While the attack on the EPA has received considerable support from business and the Tea Party, the evidence strongly argues against a groundswell of opposition to the EPA within labor, other than from unions like the Mineworkers that have long questioned its approach. In fact, far more unions appear to have joined the pushback in support of the EPA.

It is also doubtful that the public has accepted the charges that the EPA is a rogue agency or that its regulations hurt jobs. A poll conducted for the American Lung Association by a Democratic and a Republican firm and released February 16 found that three out of four voters support the EPA setting tougher standards on air pollutants and fuel efficiency. Two-thirds oppose Congressional action that impedes the EPA from updating clean air and carbon emissions standards. 69 percent believe that EPA scientists, rather than Congress, should set pollution standards.

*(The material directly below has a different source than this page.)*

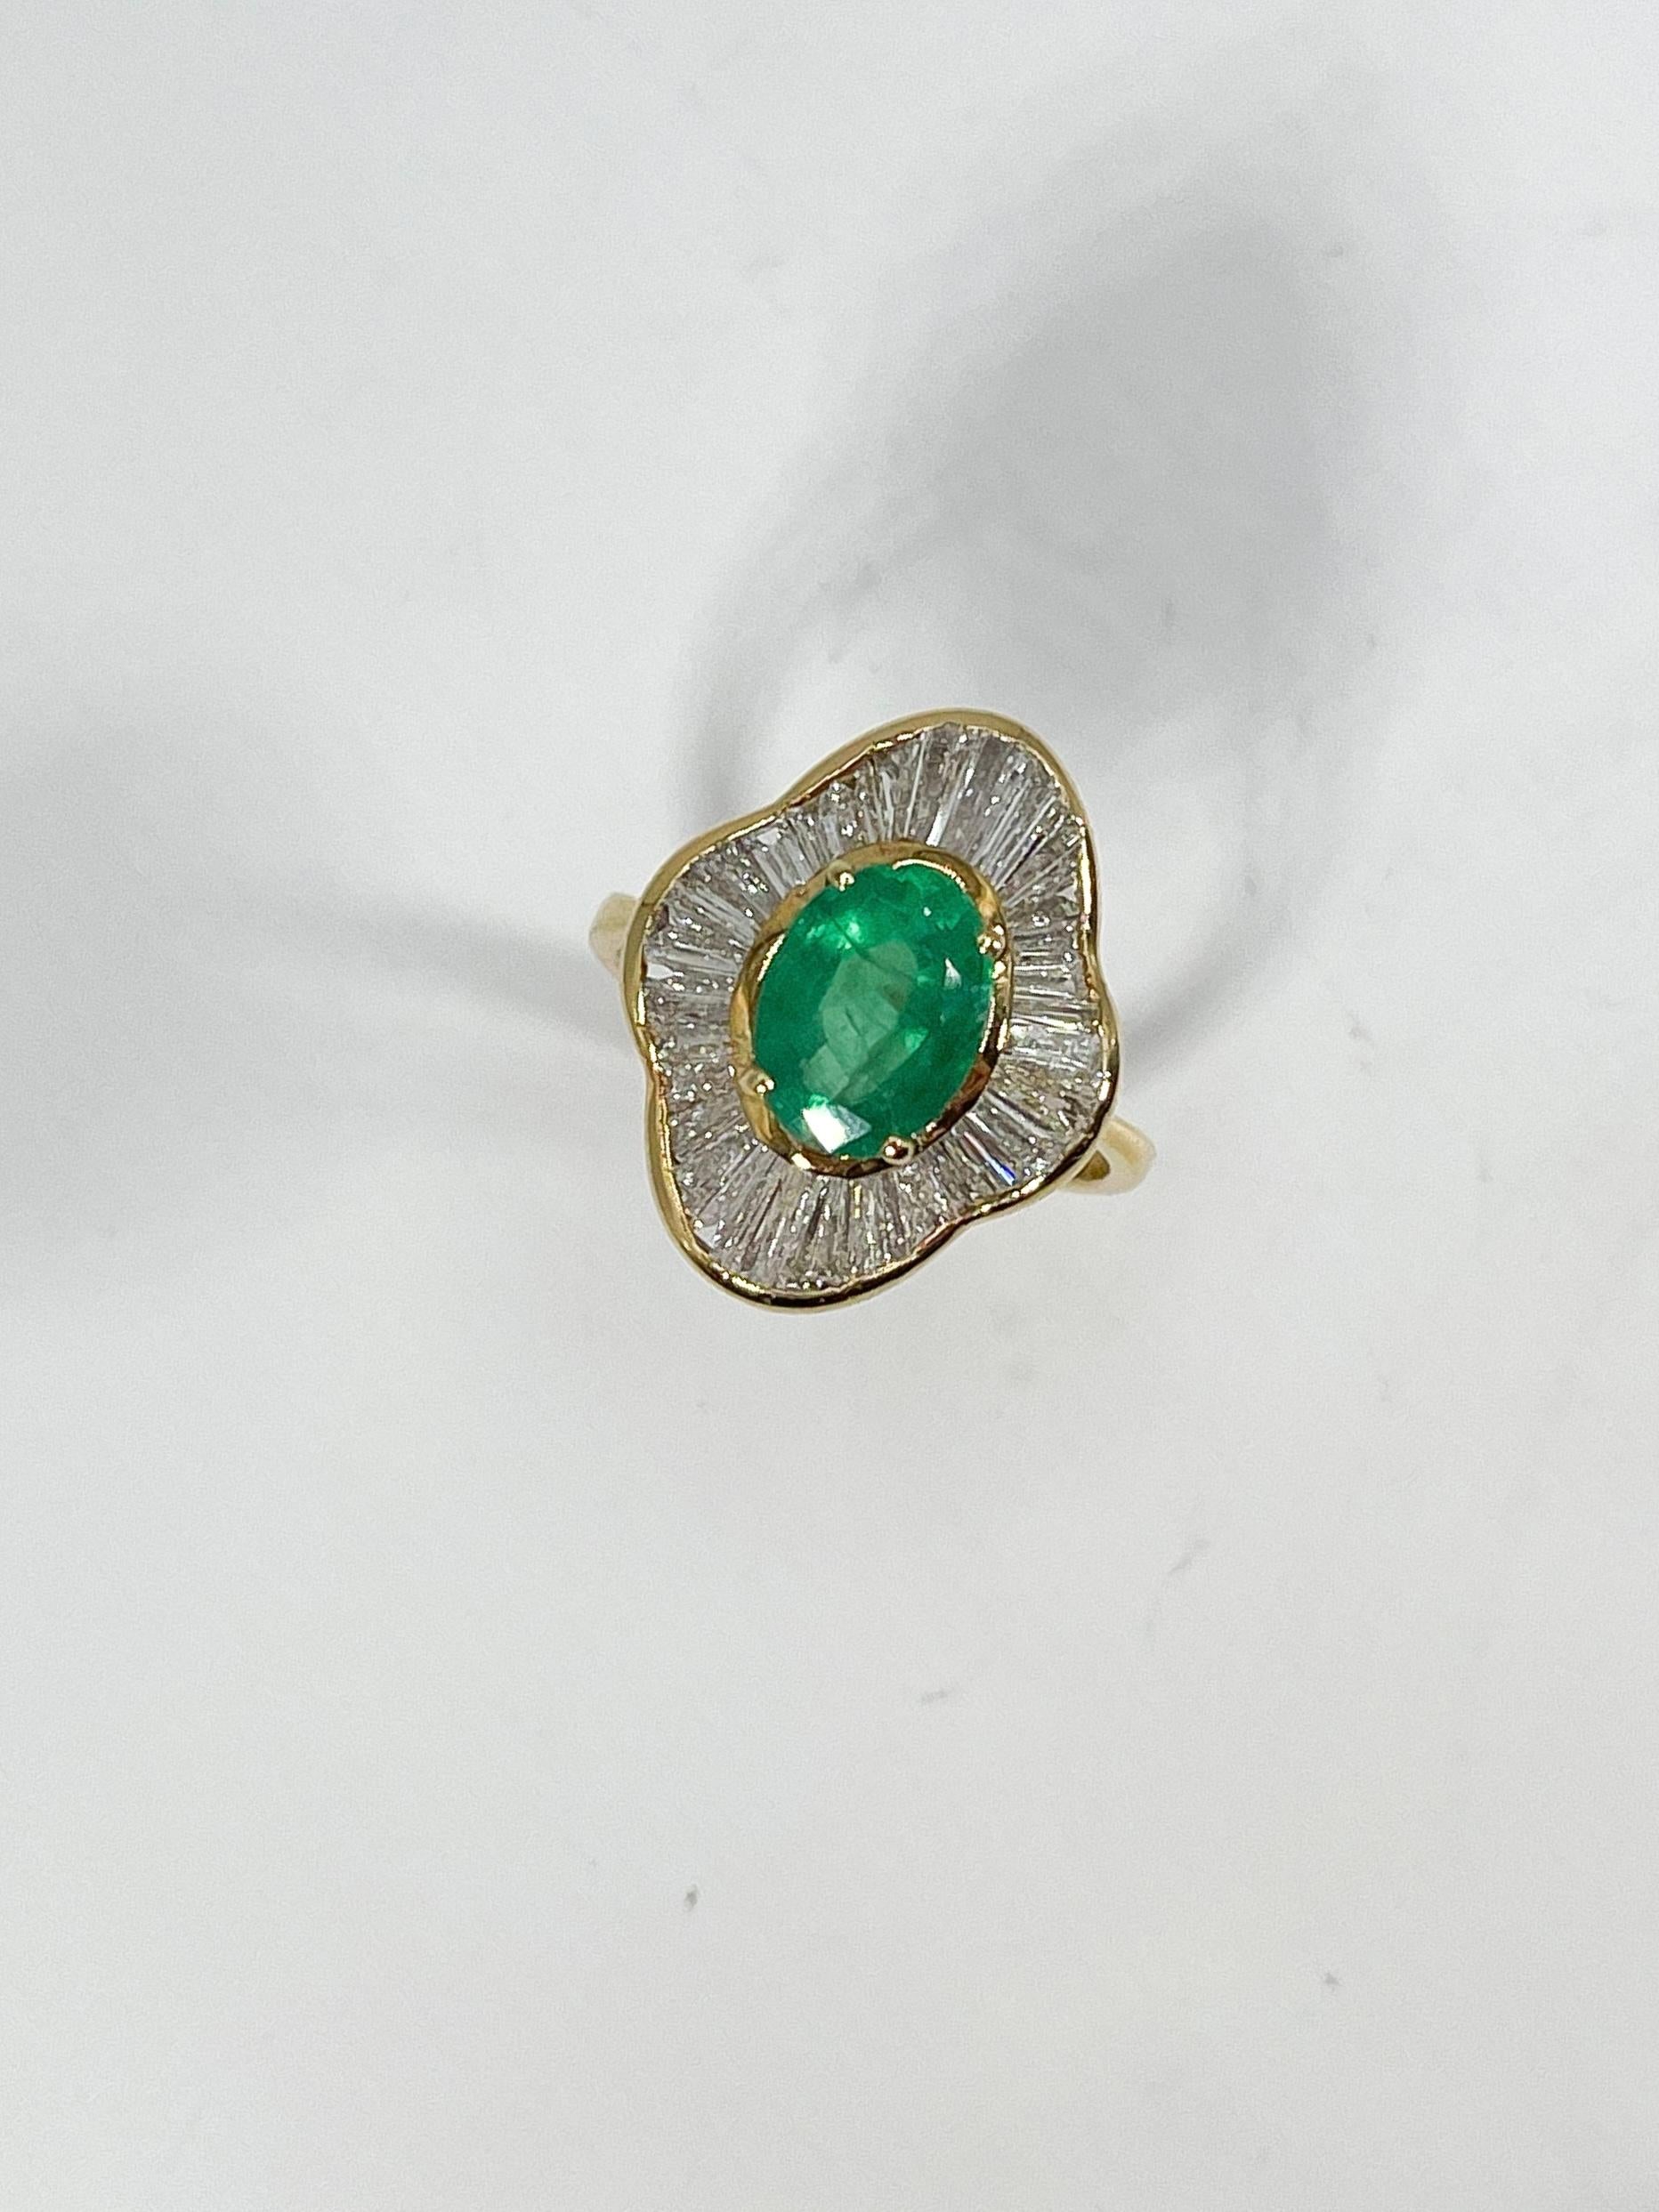 14k yellow gold 2 CT oval emerald and 1 CTW diamond ballerina ring. The emerald is an oval, the diamonds are all baguettes, the size of the ring is a 6 1/4, and it has a total weight of 5.2 grams.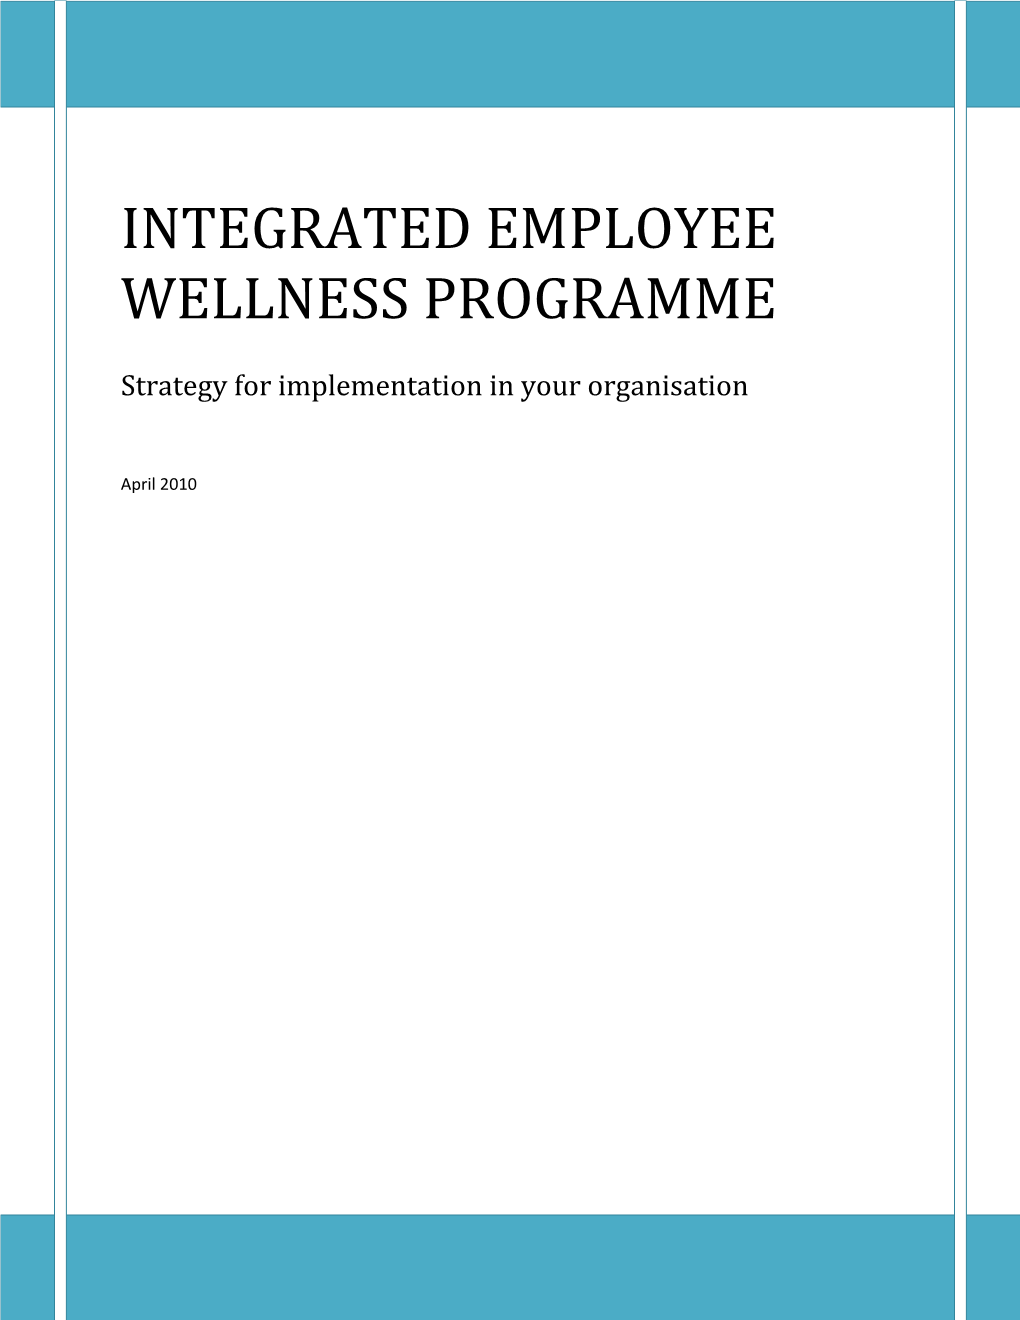 Strategy For Implementation: Integrated Employee Wellness Programme

The Wall Street Journal article quoted a labor official saying that if EPA regulations cost jobs in Pennsylvania and Ohio, the Republicans would blast every Democratic lawmaker with it. However, another poll raises doubt that public opinion has accepted the anti-EPA message in those states. A survey of the presidential battleground states of Pennsylvania, Ohio, and Michigan conducted by Hart Research Associates and released March 28 found that almost two-thirds of voters there want the EPA to set greenhouse gas standards for industrial facilities. According to a memo accompanying the poll, “By large margins, voters of all political parties trust the EPA more than they trust Congress. Democrats trust the EPA over Congress by 77% to 11%, independent voters do so by 63% to 12%, and Republicans by 48% to 28%.” Voters oppose Sen. Jay Rockefeller’s proposal to block EPA regulation of greenhouse gasses for two years by exactly two-to-one.

The failure of powerful opposition to EPA regulation to emerge among labor and the public may be partially responsible for the narrow defeat in the Senate in early April of Mitch McConnell and James Inhofe's legislation that would have blocked the EPA from regulating greenhouse gasses. Three other anti-EPA bills, including Jay Rockefeller's two-year ban on EPA regulation of greenhouse gasses were defeated by much greater margins.

The attempt to gut the EPA has now moved to the far murkier arena of the budget debate, where anti-EPA forces can act with far less scrutiny from a pro-EPA public. In the just passed continuing resolution that will fund the government until September, the EPA budget was slashed by 16 percent. All funding for NOA's climate science service and for the White House energy and climate change adviser was eliminated.

No doubt the struggle over the EPA will continue around both its authority to regulate to protect the public’s health and environment and around its future budget. Advocates for the EPA should feel confident that they will struggle to protect it with the backing of the public and much of organized labor. Indeed, the successful defense of EPA authority may prove to be a turning point in the struggle for policies that protect people and the planet.